Под окнами фырчала автомашина. И эти грубые звуки кинжальной болью отдавались в мозгу Аникина. В голову лезла ненужная поганая мысль: «Всего ужасней в смерти ожиданье». Кто сказал это? Кажется, Шекспир. «Не бойтесь смерти тела, а бойтесь смерти духа…» А это откуда? Не все ли равно откуда…»
Память, память…
…Из теплушек видны сожженные деревни: головешки, зола, мусор, среди которых нелепо и жалко тянутся кверху закоптелые русские печи с мертвыми трубами. Приблудный ветер раскачивает голые кусты, уцелевшие кое-где на околицах.
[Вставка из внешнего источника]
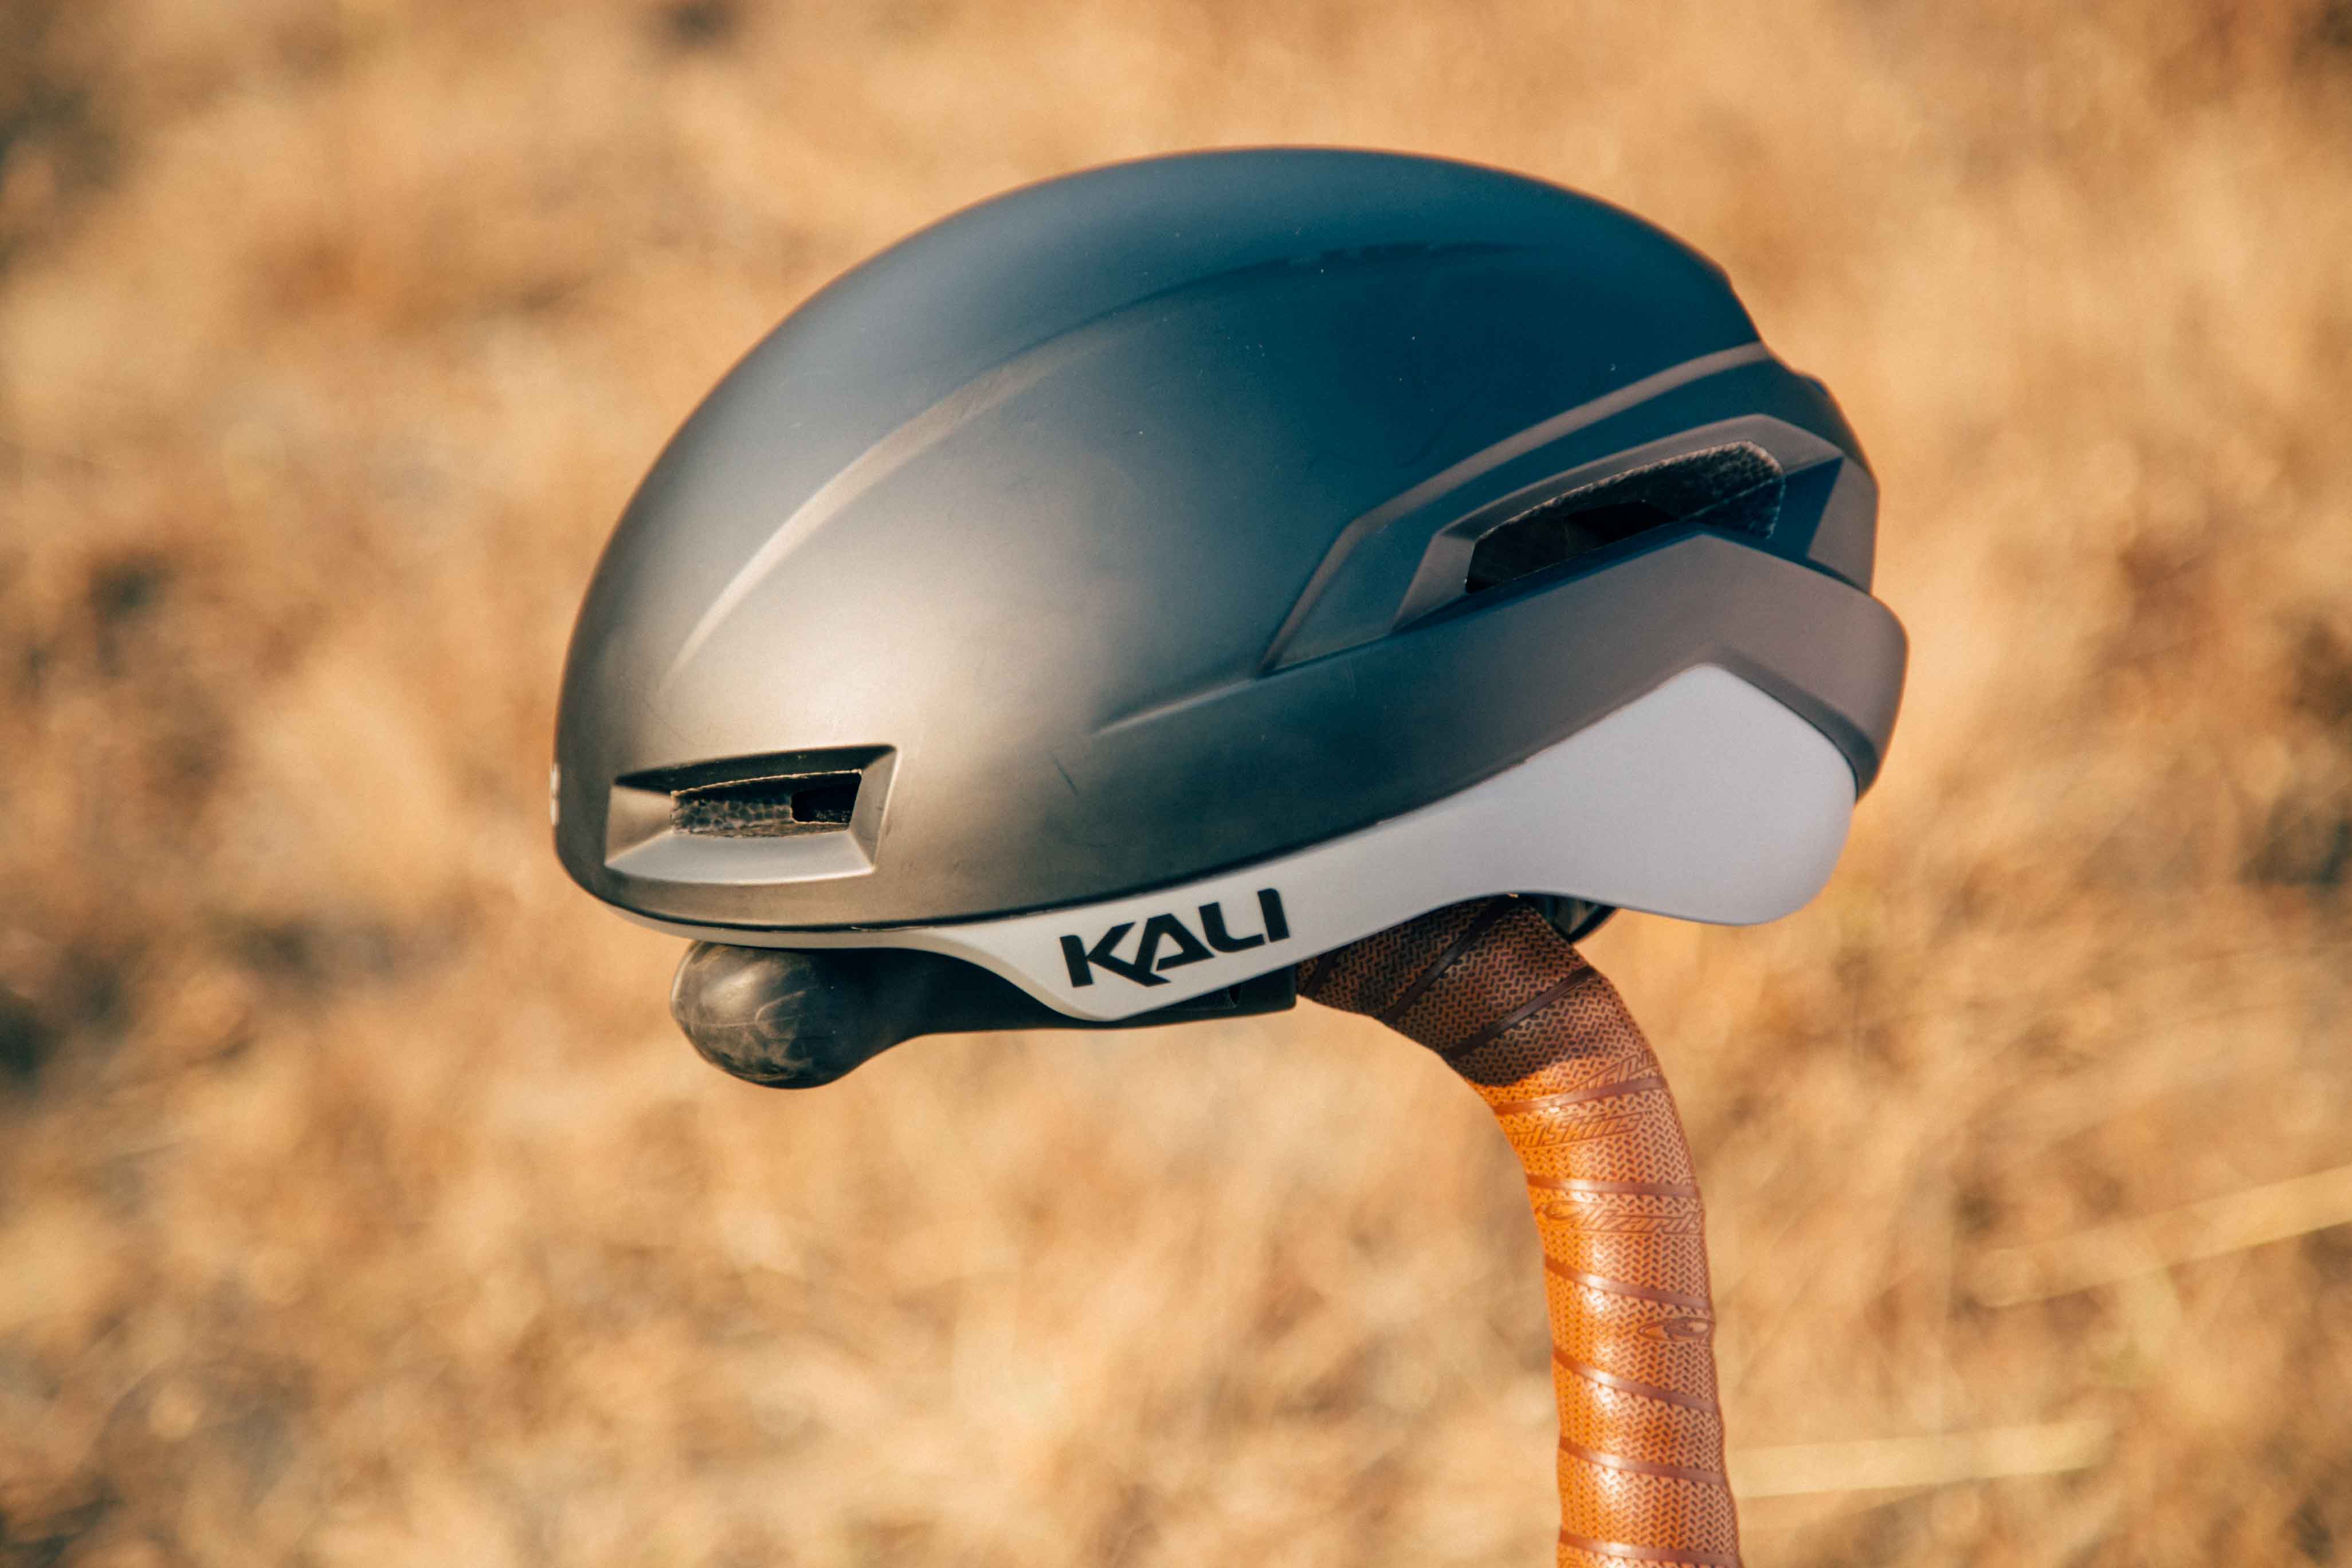 Kali's new aero road helmet to ship Dec. 7 Bicycle Retailer and
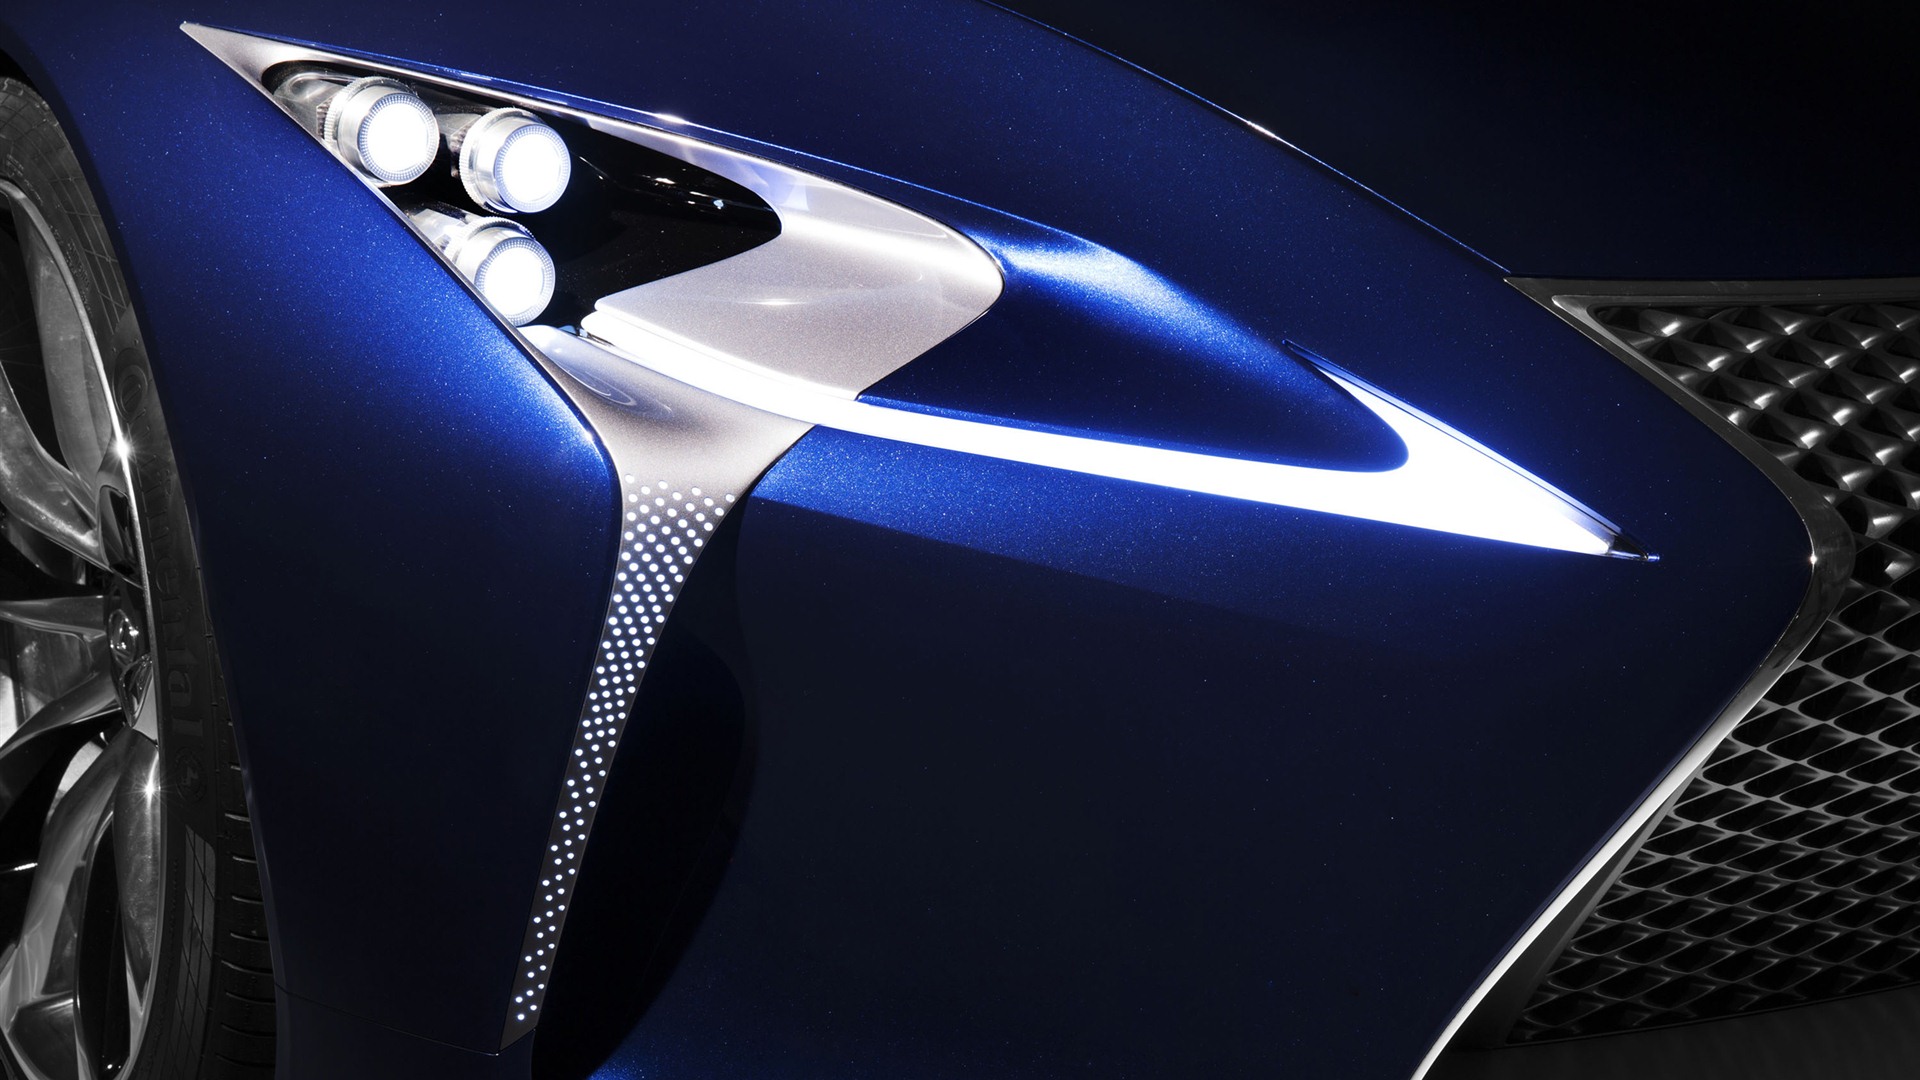 2012 Lexus LF-LC Blue concept 雷克萨斯 蓝色概念车 高清壁纸11 - 1920x1080

Только-только успел Аникин с красноармейцами высадиться из эшелона, как вот они тут — немецкие бомбардировщики. Летят, по-особому, по-своему гудя — зло и прерывисто, будто захлебываясь. Аникин бухнулся на землю, все плотнее и плотнее прижимался к ней; от волнения постукивали зубы, немели ноги и по всему животу прокатилась острая боль — боль страха. Земля вздрагивала от разрывов бомб, тяжело, как больная. Самым ужасным было в те минуты чувство бессилия, цыплячьей беспомощности. От их батальона осталось меньше роты.
…Весь вчерашний день не унимался дождик, хлестал и хлестал с военной напористостью. И теперь в окопах полно студеной воды и грязи, склизкой и цепкой. Хлюпает в сапогах вода, мокрая гимнастерка противно липнет к телу. Зудят спина и руки. А обсушиться и обогреться негде. Кругом смерть. Их взводный был угрюмо-бодр и криклив. Такой здоровый мордастый сибиряк. И вот он лежит, окоченел, в нелепой неудобной позе, какую часто избирает смерть. Лицо как ледяшка — белое. На щеке у носа капли воды.
Аникин с пугающей ясностью представил себе, как фашисты загоняют людей в газовые камеры…
— Что с вами, лейтенант? Вам плохо?
— Н-н… ничего.
— Да как это «ничего». Что болит?
— Тяжело чего-то. И г-г… голова…
— Ладно, лежи. Я позову врача.
— Не надо! — хрипло выкрикнул лейтенант.
— Да что там «не надо»!
Ушел, грубо постукивая костылем.
Аникин опять почувствовал боль в боку. На этот раз она была более острой. Голова наполнялась мутной тяжестью. Поташнивало.
«Вся земля во все времена была пропитана человеческой кровью. Банальная мысль. Но есть что-то страшное даже в том, что она банальна…»
Когда ему было отчего-то тяжело, трудно, он, стараясь отвлечься, начинал вспоминать детство, избенку отцовскую на скалистом, будто обрубленном берегу Чусовой, усталые, как бы приплюснутые Уральские горы возле их деревушки. Сколько там старых пеньков в лесу. И осенью почти каждый прямо-таки облеплен веселыми опятами… Нет, сегодня все это вспоминается как-то тускло, туманно, что-то надломилось в нем, износилось или иссохло — не поймешь, и чужеродная липкая боль, тягость и опустошенность по-хозяйски вселились в его душу. И в голову лезло другое.
…Они отступают. Бегут. Под ногами топь, покрытая вечерним зловещим светло-фиолетовым туманом. Редкие жалкие кустики, жирные кочки и вонючая жижа. Везде жижа, жижа. Снова и снова противно ревут немецкие самолеты и рвутся авиабомбы. Убитые тонут в пучине. Они исчезают на диво просто. Были — и нет их.